* Instructions to follow
Word for word, restate the lines from the one holding "own beautiful Pearls'" through the last line of the material below, and leave every picture out.

* Dataset extract

○ ○ ○ ○

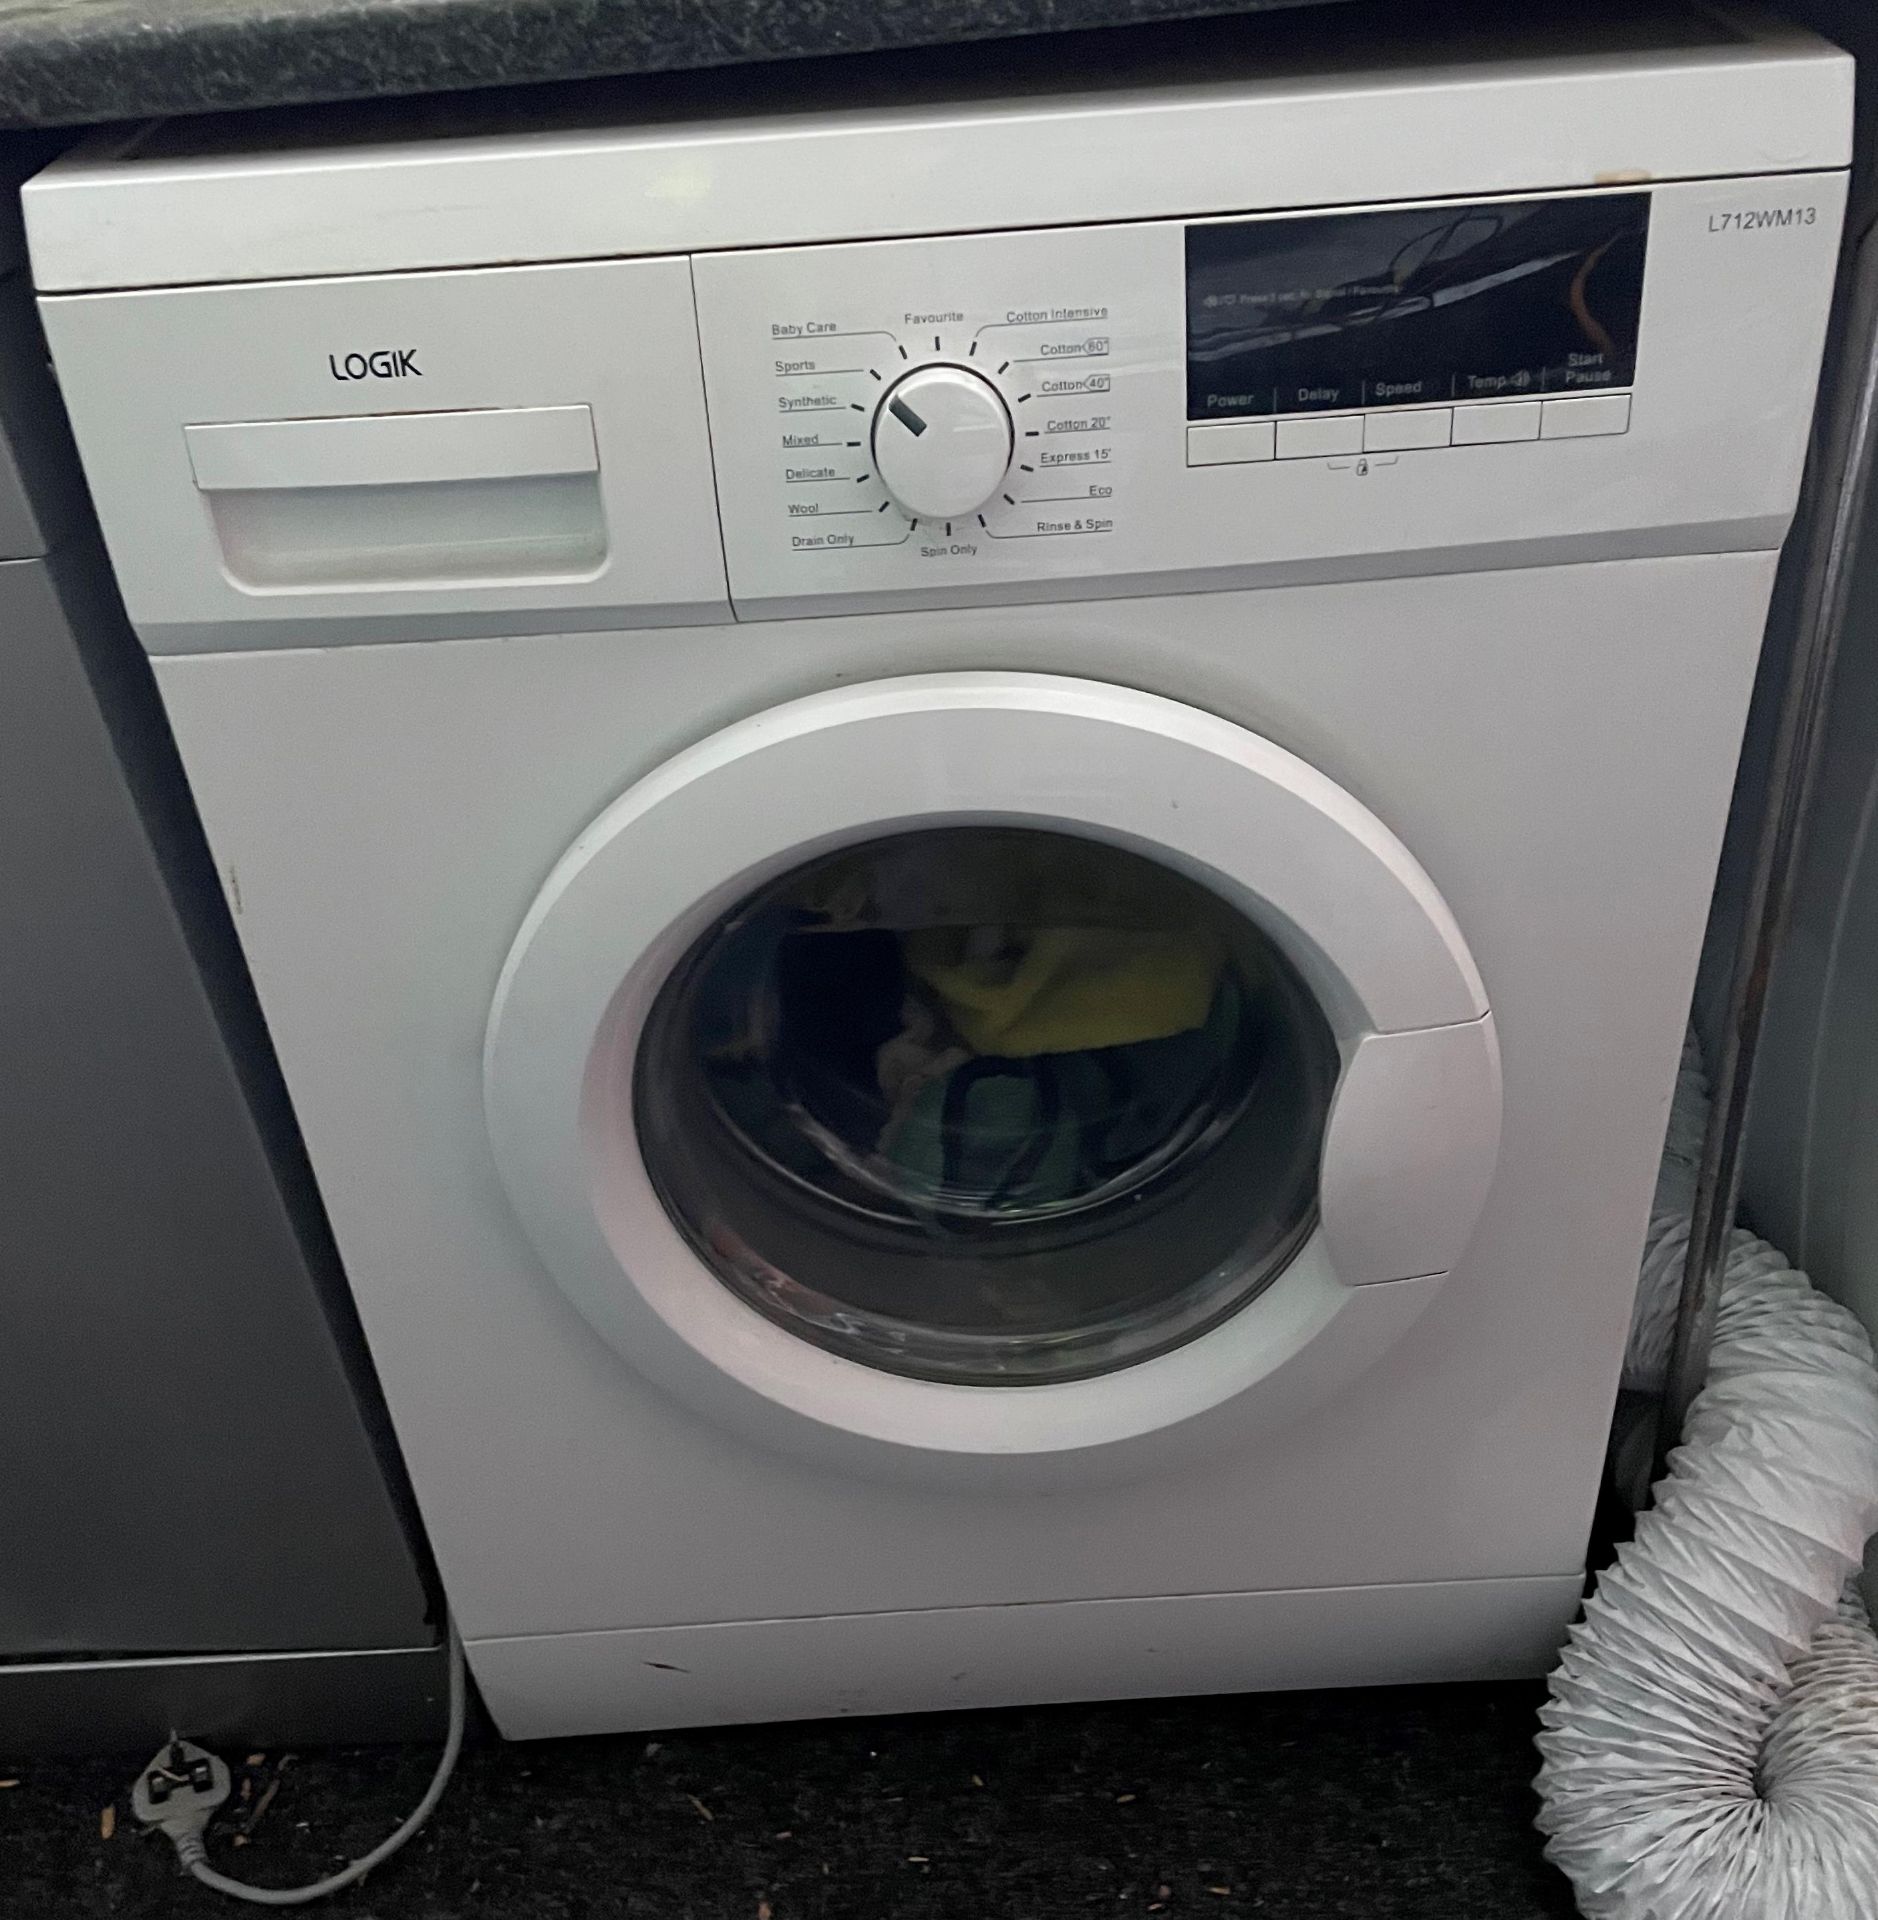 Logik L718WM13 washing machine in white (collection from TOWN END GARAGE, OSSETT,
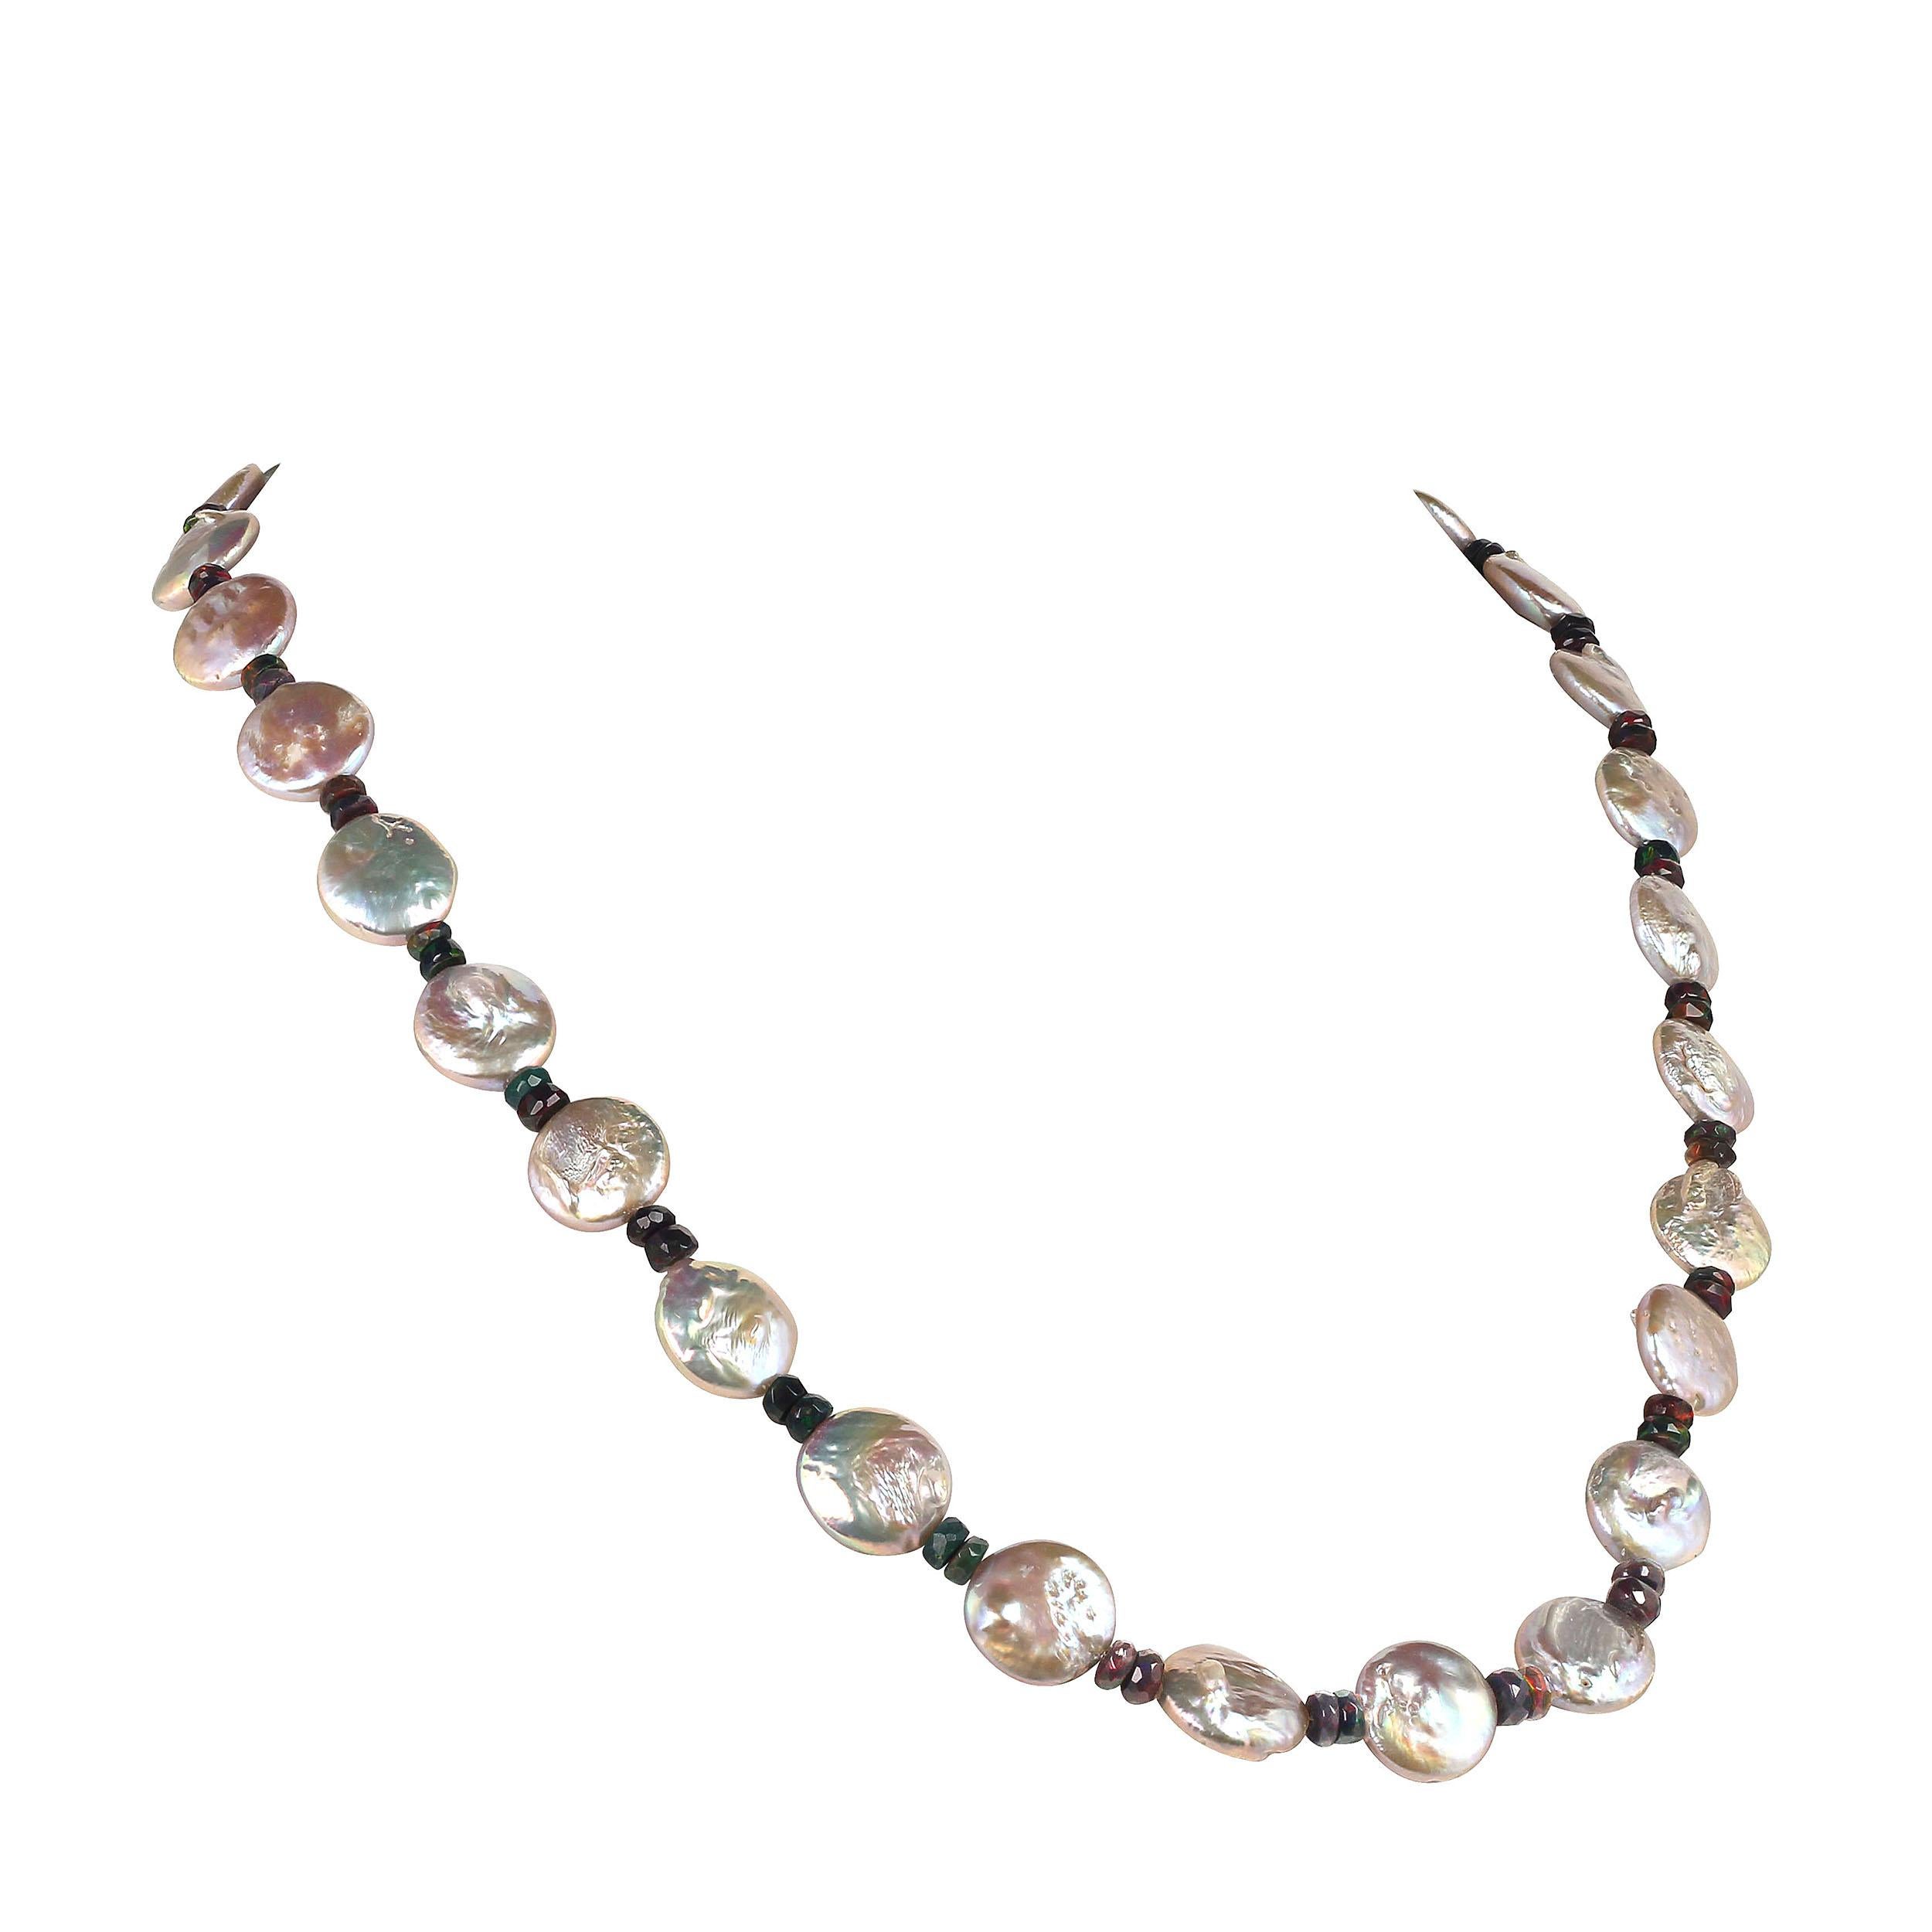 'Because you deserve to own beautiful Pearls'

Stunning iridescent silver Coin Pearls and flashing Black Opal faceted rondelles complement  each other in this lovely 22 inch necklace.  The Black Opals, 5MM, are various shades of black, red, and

○ ○ ○ ○

* Solution to the problem
 'Because you deserve to own beautiful Pearls'

Stunning iridescent silver Coin Pearls and flashing Black Opal faceted rondelles complement  each other in this lovely 22 inch necklace.  The Black Opals, 5MM, are various shades of black, red, and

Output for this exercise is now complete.